→ **TASK TO CARRY OUT**: Omit the images and output every line of the data below exactly.

→ **GIVEN INFORMATION**:
-- Opening Marker --

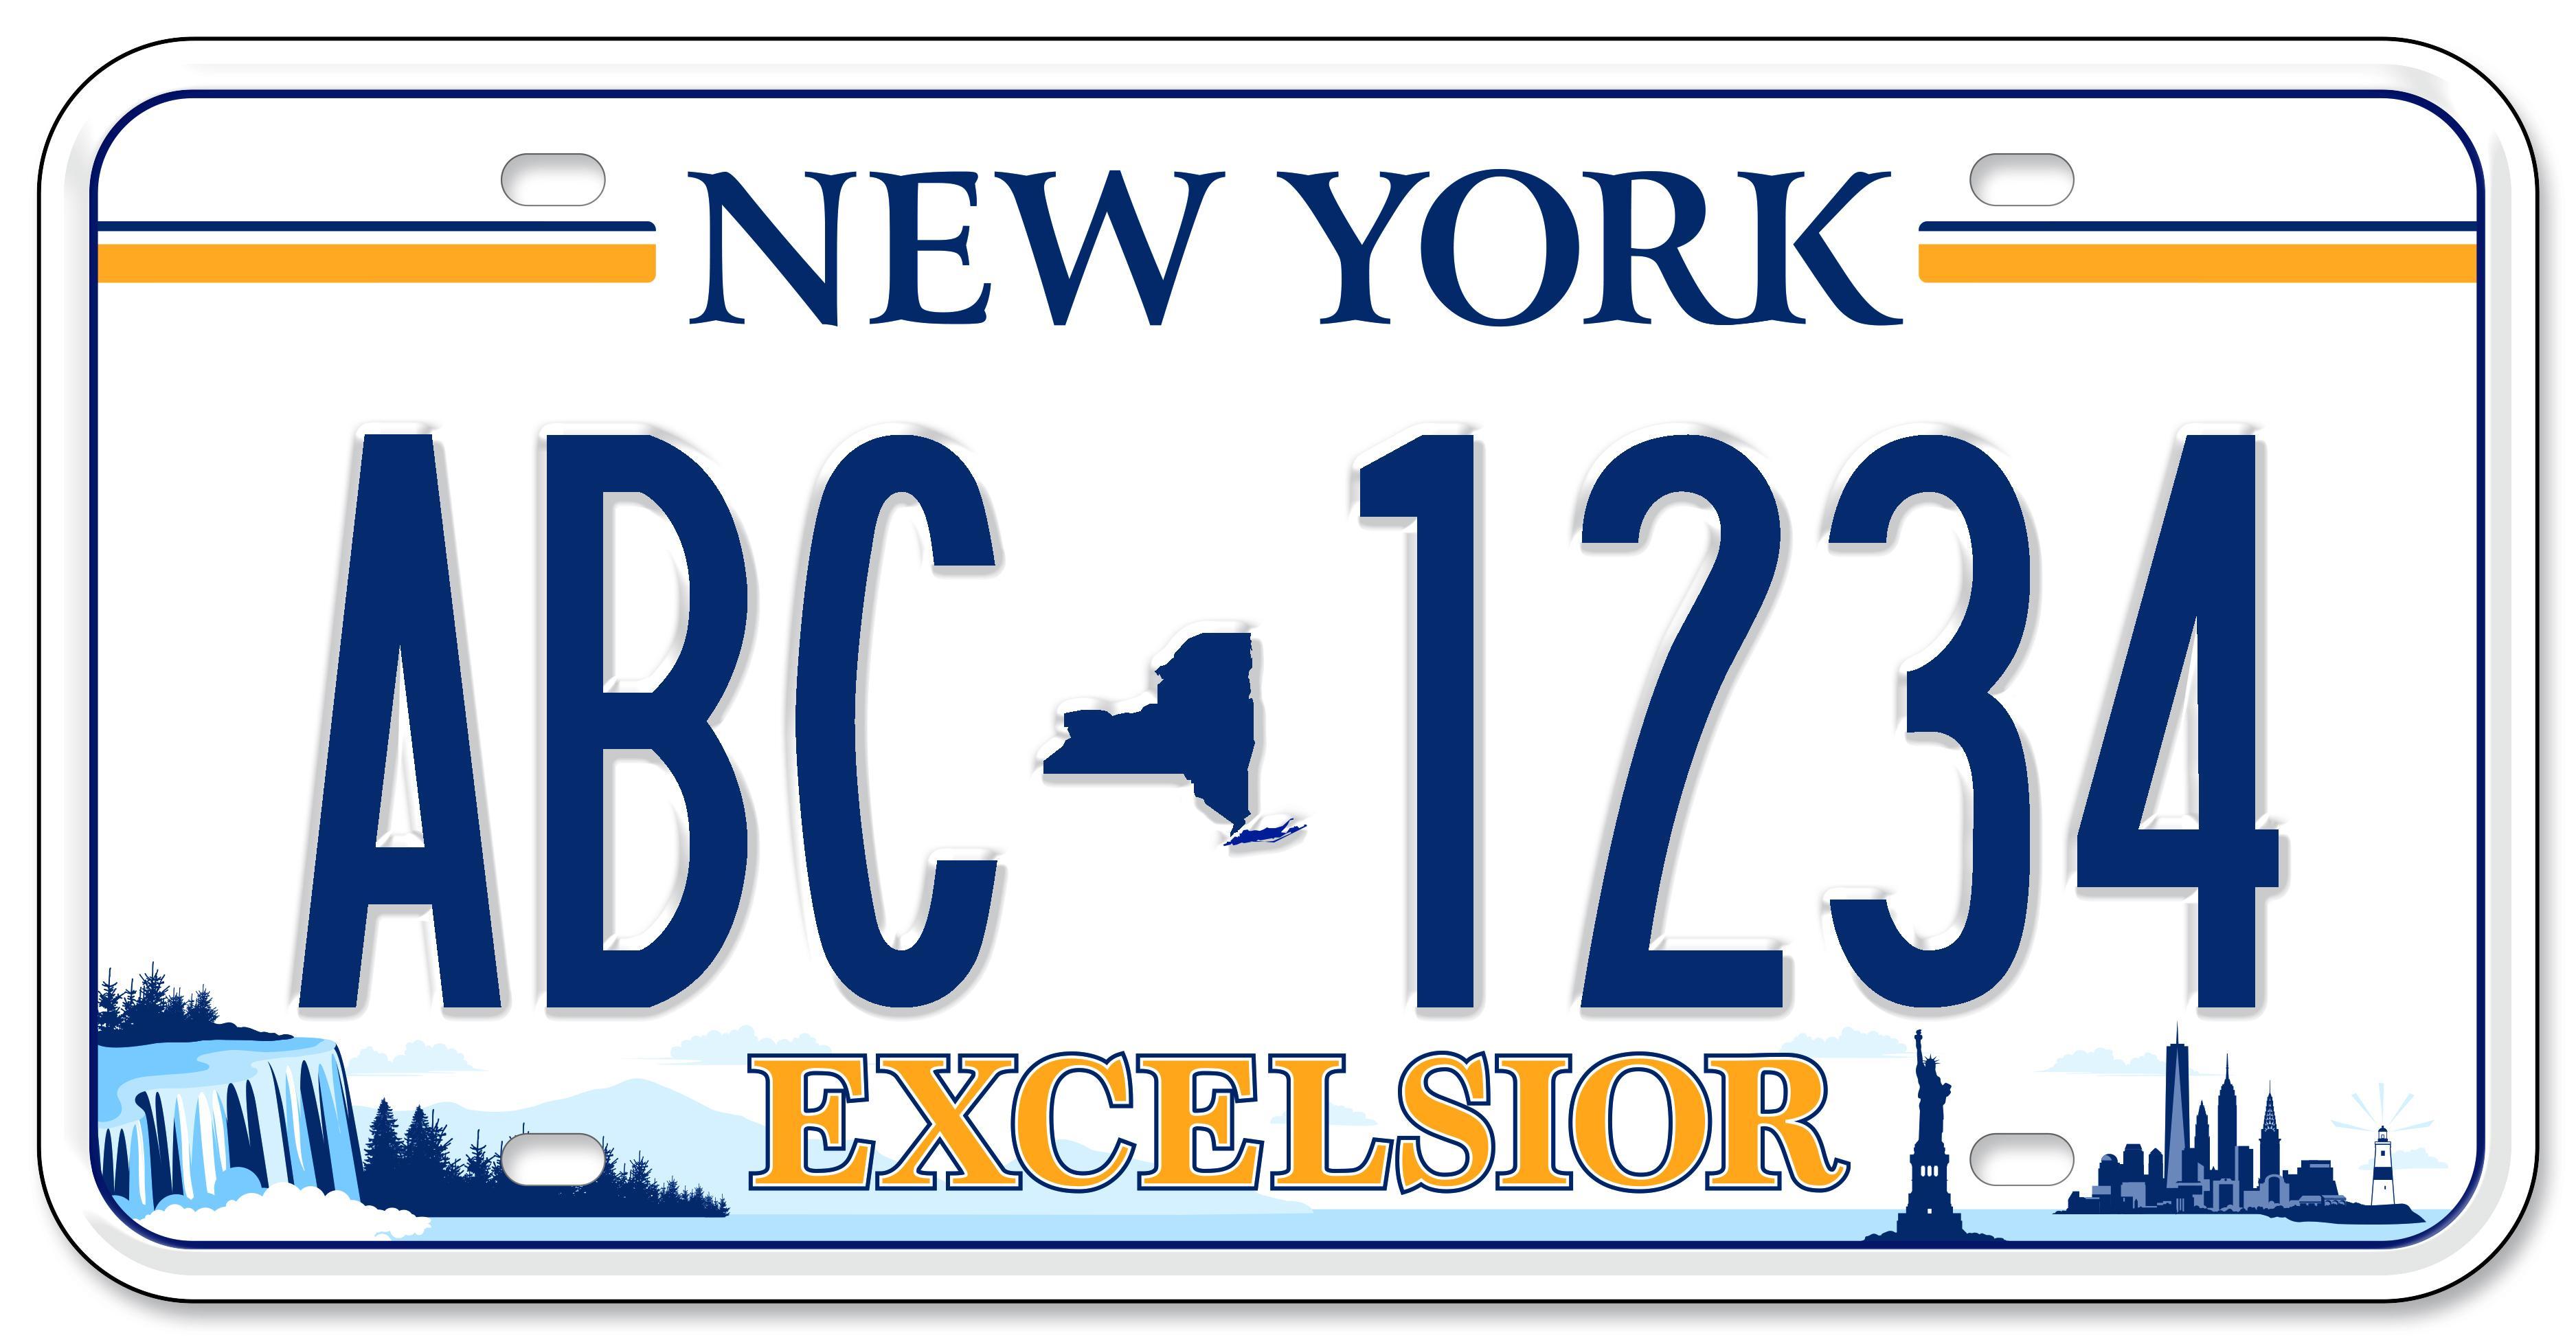 New York license plate design with state landmarks across the bottom
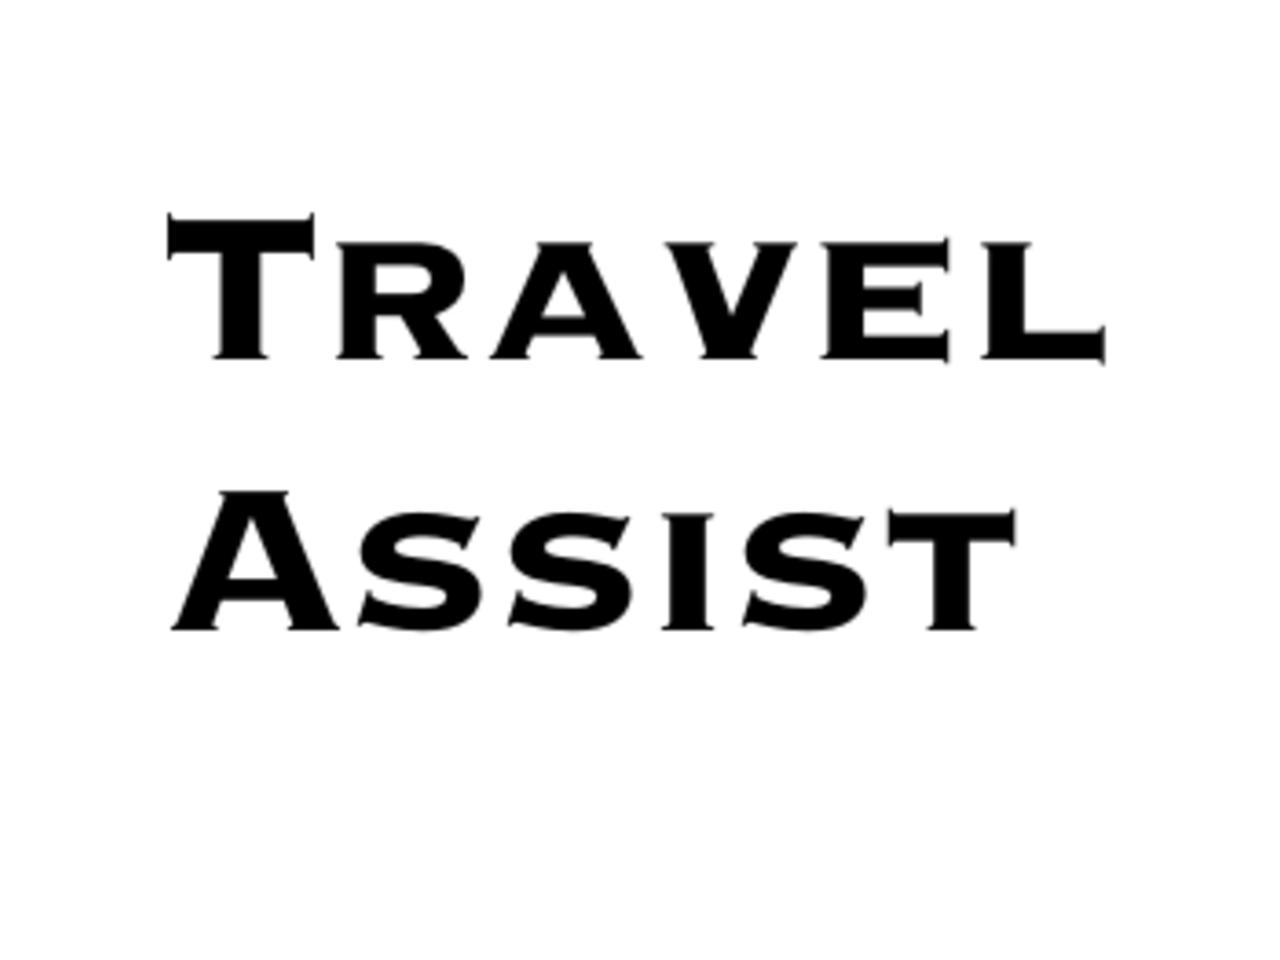 Travel Assist
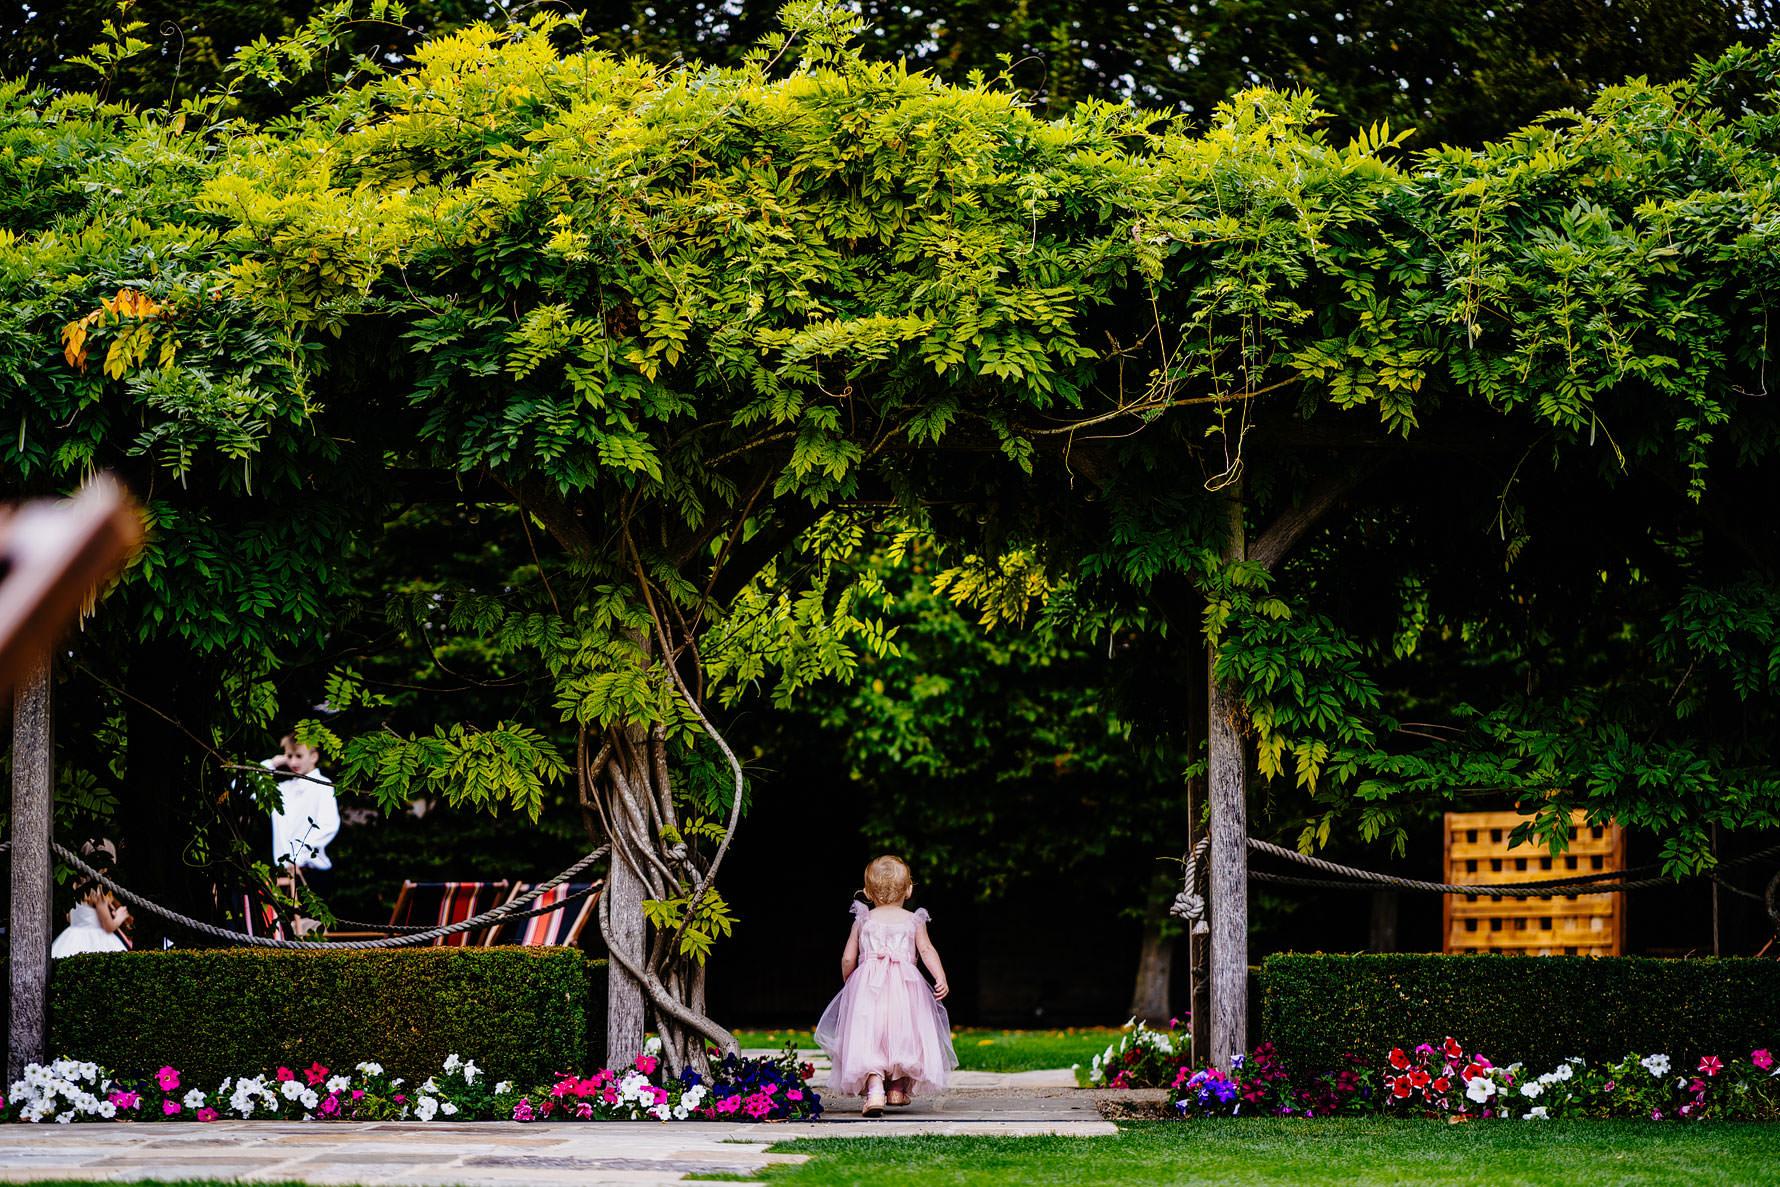 an infant at a wedding

-- Closing Marker --

→ **SOLUTION**:
 New York license plate design with state landmarks across the bottom
 Travel Assist
 an infant at a wedding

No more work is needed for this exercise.